Treedelivery - I think you are a totally lovely mother. Your poor little dd! And jeez, poor you - I get all emotional thinking of you sitting with her asleep on you because she is too upset to sleep anywhere else except with her Mama.

but, have always felt, the time to change is when you are getting fed up - and sounds like you have some excellent advice here. Sleeping in moving pram def progress - my dd used to wake after 27 minutes, moving or not ...

Couple of bits (apologies if people have said these already)

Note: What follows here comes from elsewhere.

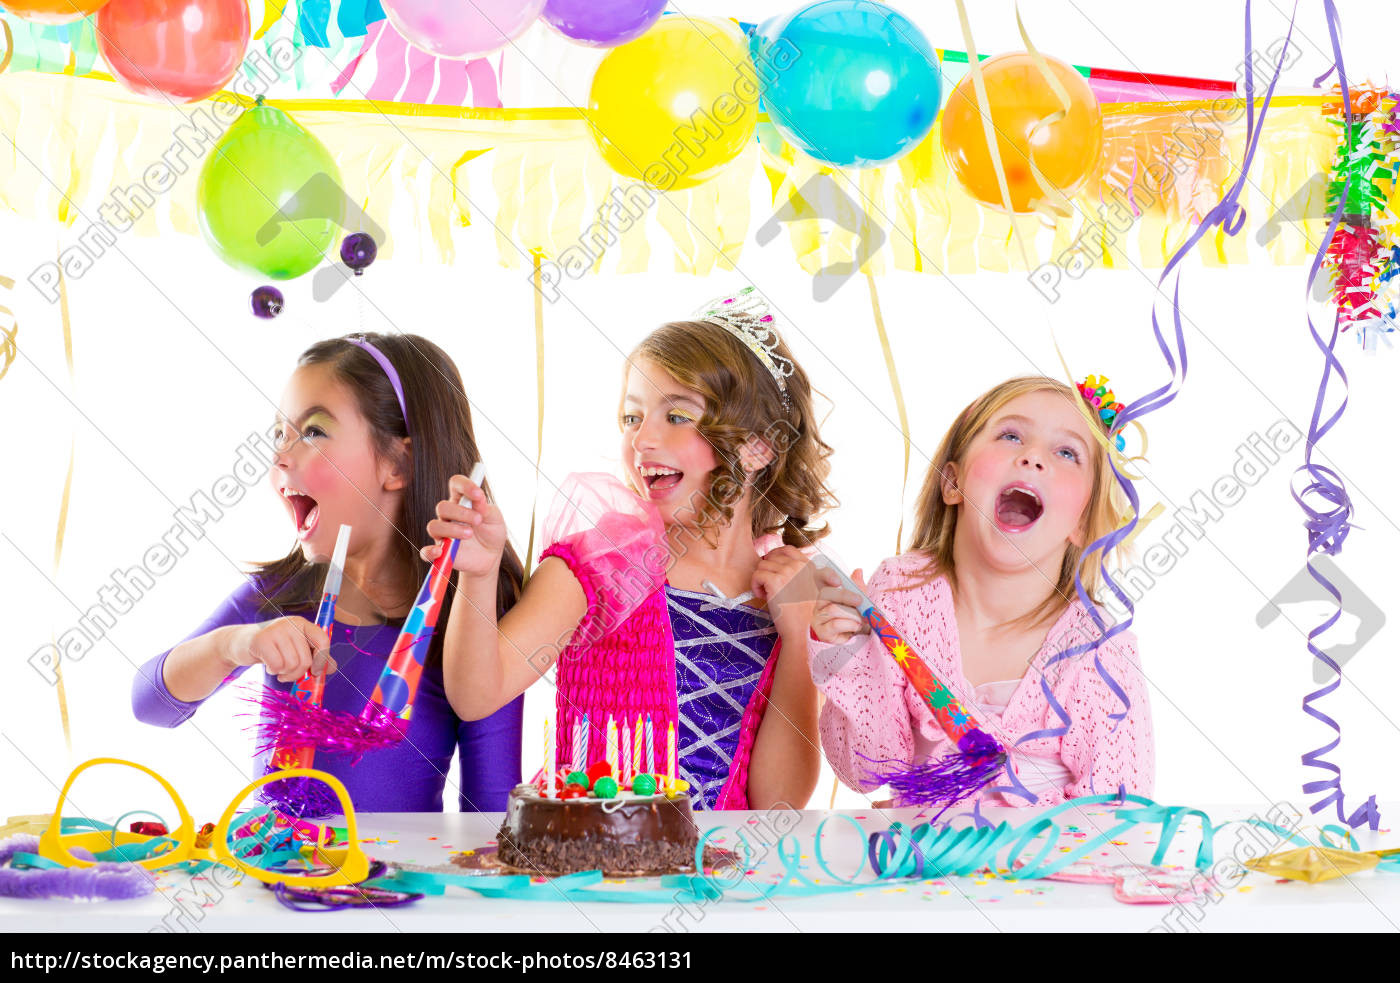 Geburtstagsparty Bilder
 kinder kind in geburtstagsparty tanzen gerne lachen

-with ds I lay down with him and sorta pulled him back down to learn how to lie down to sleep. Obviously, he didn't have the medical issues and wasn't so cry-y but very damn wriggly! Would do lots of hands on tummy and 'cuddling in' as someone said and then pretty much ignore him til he went to sleep (holding hands to stop the fingers up nose), this was about 12-14mths as I stopped the bf to sleep.

-play games during day about/on beds and her cot if she has one, eg lying in them and pretending to go to sleep, putting toys to bed etc. Make it all a big fun Ha ha peekaboo game and nothing to do with actually going to sleep... I am convinced this has worked in making bed not so scary for my (mostly co-sleeping at first) two.

(fingers crossed you are still here and haven't had to race off...)

Lenni · 20/01/2010 20:23

Go Tree! Go H! Go Moose!

Off for a bath, but will check back in to see how she manages. Cranial osteo sounds like very good first step on the plan - we saw one with DD after her horror birth and it did help.

Lenni · 20/01/2010 20:27

OOI - What are you going to do when she wakes?